Чувство — «похожее на белый молодой пушистый снег».
Лунный свет — «затуманился, стал как будто бы грязный, черные лохмотья слева уже поднимались кверху и одно из них, грубое, неуклюжее, похожее на лапу с пальцами, тянулось к луне».
Луна — «светила ярко, можно было разглядеть на земле каждую соломинку, и Лаптеву казалось, будто лунный свет ласкает его непокрытую голову, точно кто пухом проводит по волосам».
«И пока она пела — мне казалось, что я ем спелую, сладкую, душистую дыню».
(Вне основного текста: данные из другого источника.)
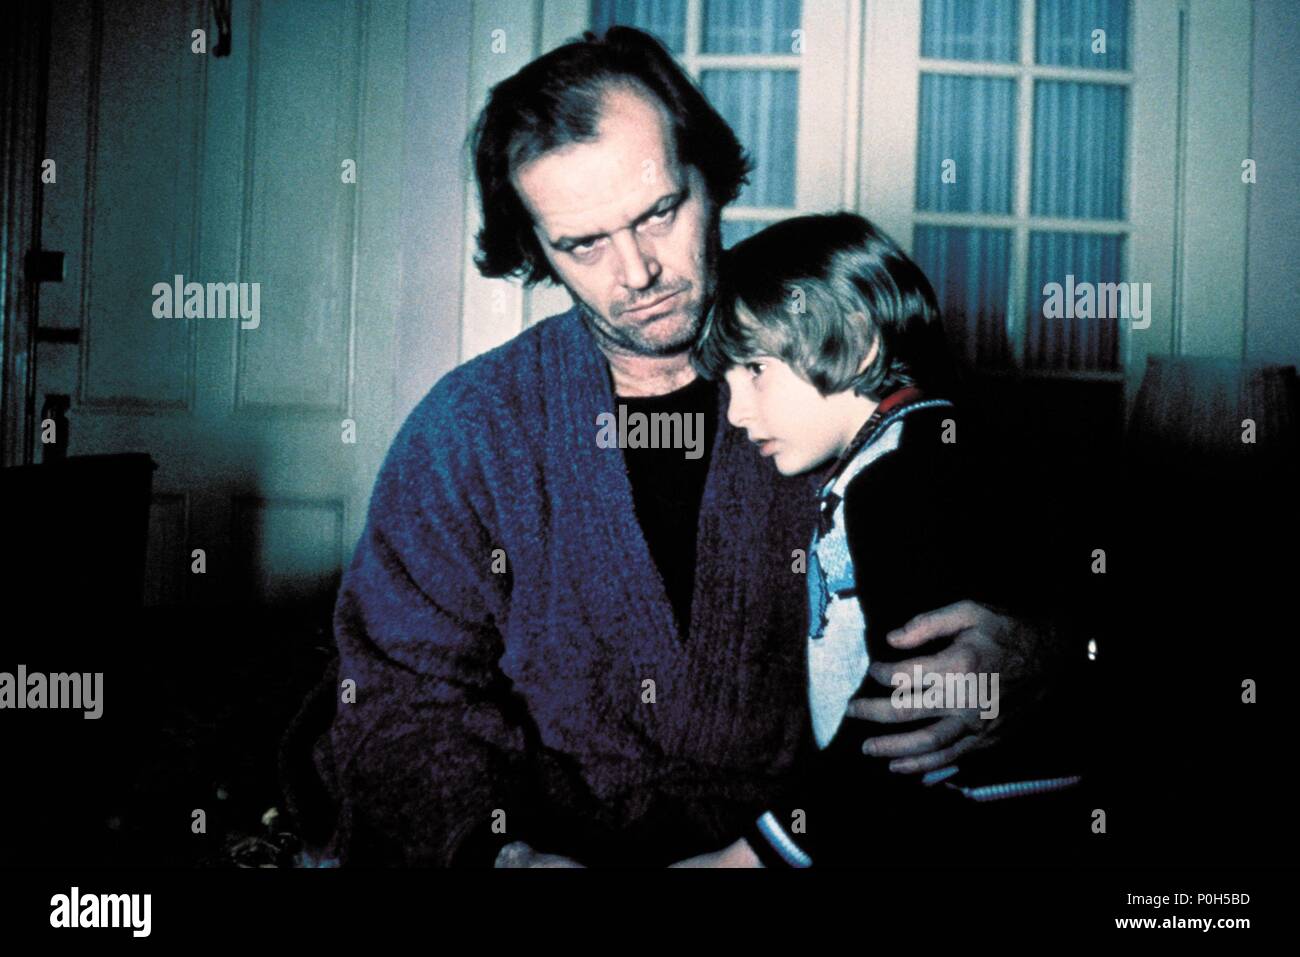 Original Film Title: THE SHINING.  English Title: THE SHINING.  Film Director: STANLEY KUBRICK.  Year: 1980.  Stars: JACK NICHOLSON; DANNY LLOYD. Credit: WARNER BROTHERS / Album Stock Photo

Пейзаж Чехова оставляет неотразимое впечатление подбором красок. Закатное солнце, прячась за толпящиеся в беспорядке облака на горизонте, «красит их и небо во всевозможные цвета: в багряный, оранжевый, золотой, лиловый, грязно-розовый. Одно облачко похоже на монаха, другое на рыбу, третье на турка в чалме. Зарево охватило треть неба, блестит в церковном кресте и в стеклах господского дома, отсвечивает в реке и лужах, дрожит на деревьях» (Рассказ «Красавицы»).
Чтобы запомнить эти краски, нужно было обладать совершенно исключительной памятью. Вернувшись из поездки на Сахалин, Чехов писал знакомому, что «вспоминает все до мельчайших подробностей: даже выражение глаз у пароходного ресторатора, отставного жандарма». Поэтому и мог Чехов заметить, что поспевший овес «отсвечивал на солнце, как перламутр».
Для передачи душевных ощущений Чехов не только находит нужные слова, но и заставляет их звучать страстно. Никогда не восклицающий, Чехов не стыдится этого пафоса, когда говорит о скорби: «О, как одиноко в поле ночью среди этого пения, когда сам не можешь петь, среди непрерывных криков радости, когда сам не можешь радоваться, когда с неба смотрит месяц, тоже одинокий, которому все равно — весна теперь или зима, живы люди или мертвы» («В овраге»).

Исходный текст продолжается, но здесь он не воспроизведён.